Digital Banking was first introduced in India in 1988 when RBI set-up a committee on computerization of banks headed by Dr. C. Rangarajan. There has been a rapid change in the working of banks in India since then. Starting with the MICR based cheque processing to ATMs to E-banking to Mobile Banking to the evolution of ‘Anywhere Banking” today. More technologies are lined up to be implemented to make banking experience totally different.

History: 1947- Till Date

In 1947, the banking sector collectively had more than Rs.1000 crores deposits in over 5000 branches. Out of the total 654 banks in the country, 38 banks failed in 1947 and 45 banks failed in 1948. In 1949, The Banking Companies Act was passed to deal with these failures but it was not adequately equipped to deal with the situation. In 1969, 14 private banks were nationalized to serve the economy in a better way. The LPG (Liberalisation-Privatisation-Globalisation) policy in 1991 allowed private players to come in and interest rates were gradually freed. It was in 1998 that the Narsimham Committee was set up for Banking Sector Reforms. The committee came up with recommendations for autonomy in the banking sector, the 4-Tier banking structure in the country, raising prescribed Capital Adequacy norms and entry of foreign banks. However, all the recommendations were not implemented immediately but the committee proved to be a major event in Banking Sector Reforms in the country.

Current Scenario

Currently, there are 27 public sector banks in the country including SBI (and its 5 Associate Banks). In the private sector, there are 22 banks including the new banks formed after 1991. Due to the rising NPAs in the country, several mergers are being proposed in the banking sector with the number of banks reducing over the years. Hence, there should be a smaller number of banks rather than a hollow pipe of numerous banks.

Challenges

Over the years, the need for credit in MSMEs is increasing. However, the credit allocation to the small firms has not been up to the mark. According to RBI, MSMEs have faced a decline in lending for more than 2 years since 2015. Moreover, the Micro-Units Development and Refinance Agency (MUDRA) scheme which aims to provide credit for expanding existing small business hasn’t been successful either. The loans are majorly extended to well-performing sectors.

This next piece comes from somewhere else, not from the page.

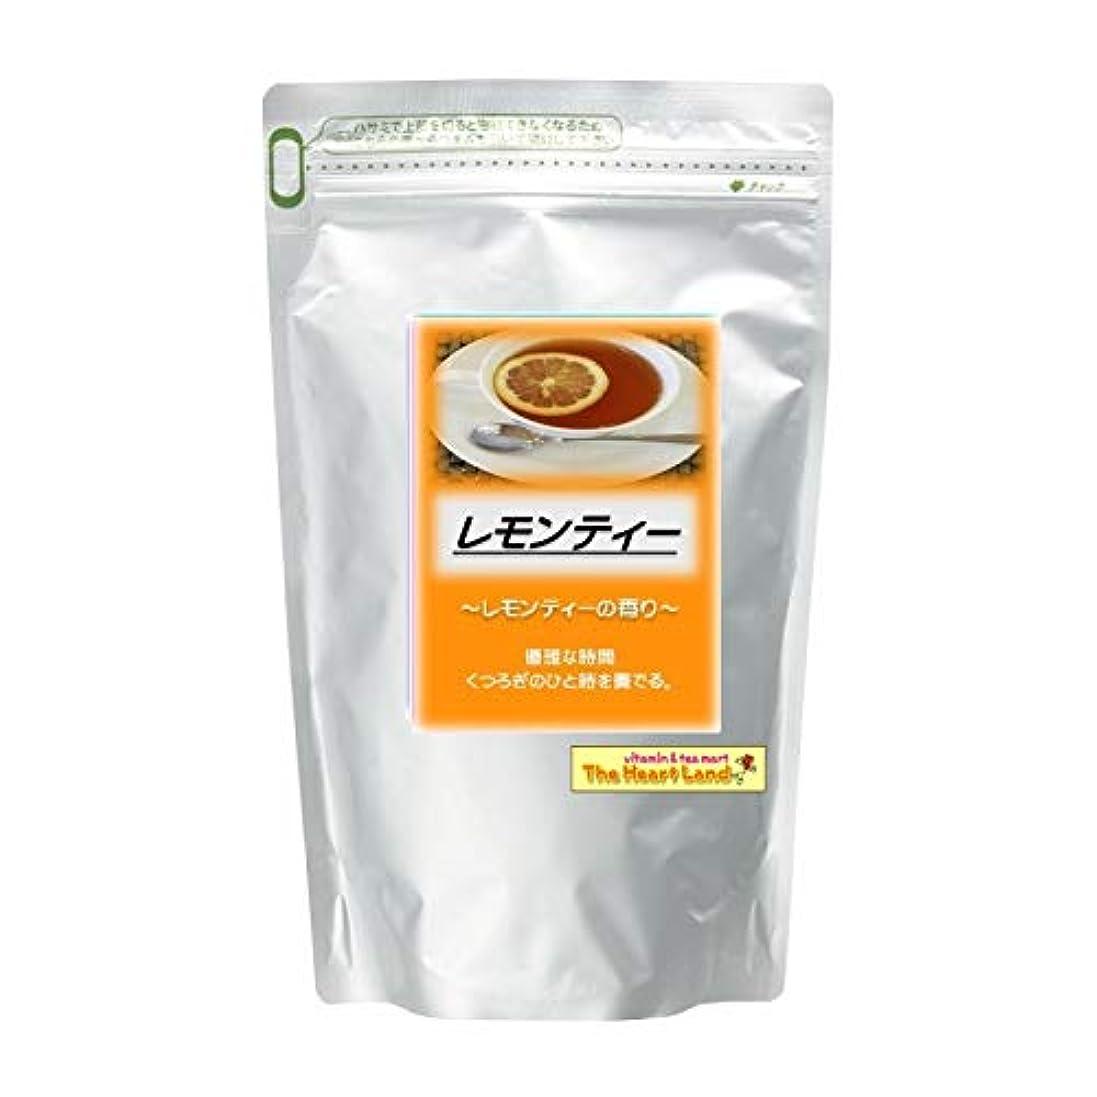 テレビパイロット体操選手アサヒ入浴剤 浴用入浴化粧品 レモンティー 2.5kg
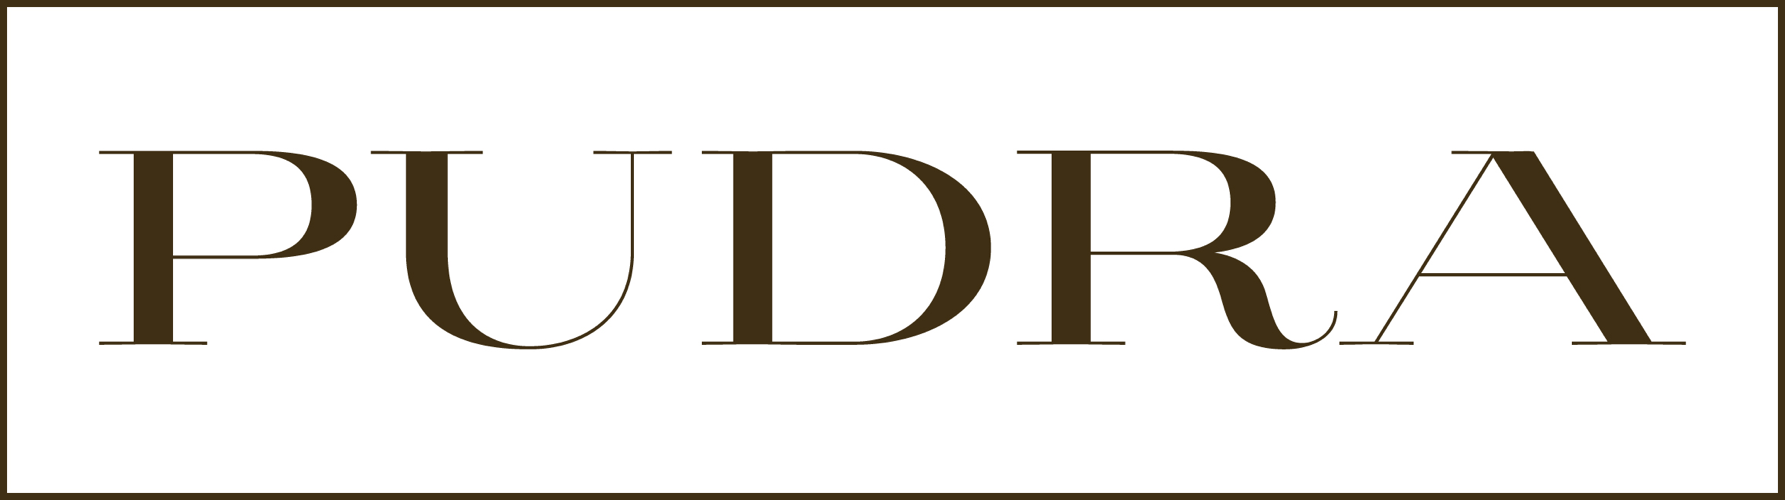 PUDRA — это проект, за которым стоят инвесторы, имеющие большой опыт в  сфере дизайна, IT, парфюмерном производстве и электронной коммерции. d055c47b40f

Non-performing Assets (NPAs):

One might refer to the term NPAs as bad loans and will surely sight the problems in the agricultural and corporate sector. However, there’s more explanation of this. Out of the total NPAs in the country which has crossed 10 lakh crores lately, more than 70% are from the corporate sector. On the other hand, farmers have been recorded to default on 8% of the total NPAs.

Another interesting statistic is that the primary sector has defaulted on 6% of the total amount borrowed. Indian farmers have protested for easing their repayment guidelines and for a waiver in some cases. One might argue that the nation’s wealth shouldn’t be degraded by such waivers. Although, most of the farmers are willing to pay back their loans, but are not able to. The reasons being lack of infrastructure, monsoon failures, non-implementation of Minimum Support Prices for their crops and numerous uncontrollable factors. The farmers’ march in Mumbai, the protests against anti-farmer policies in the national capital are some of the recent examples.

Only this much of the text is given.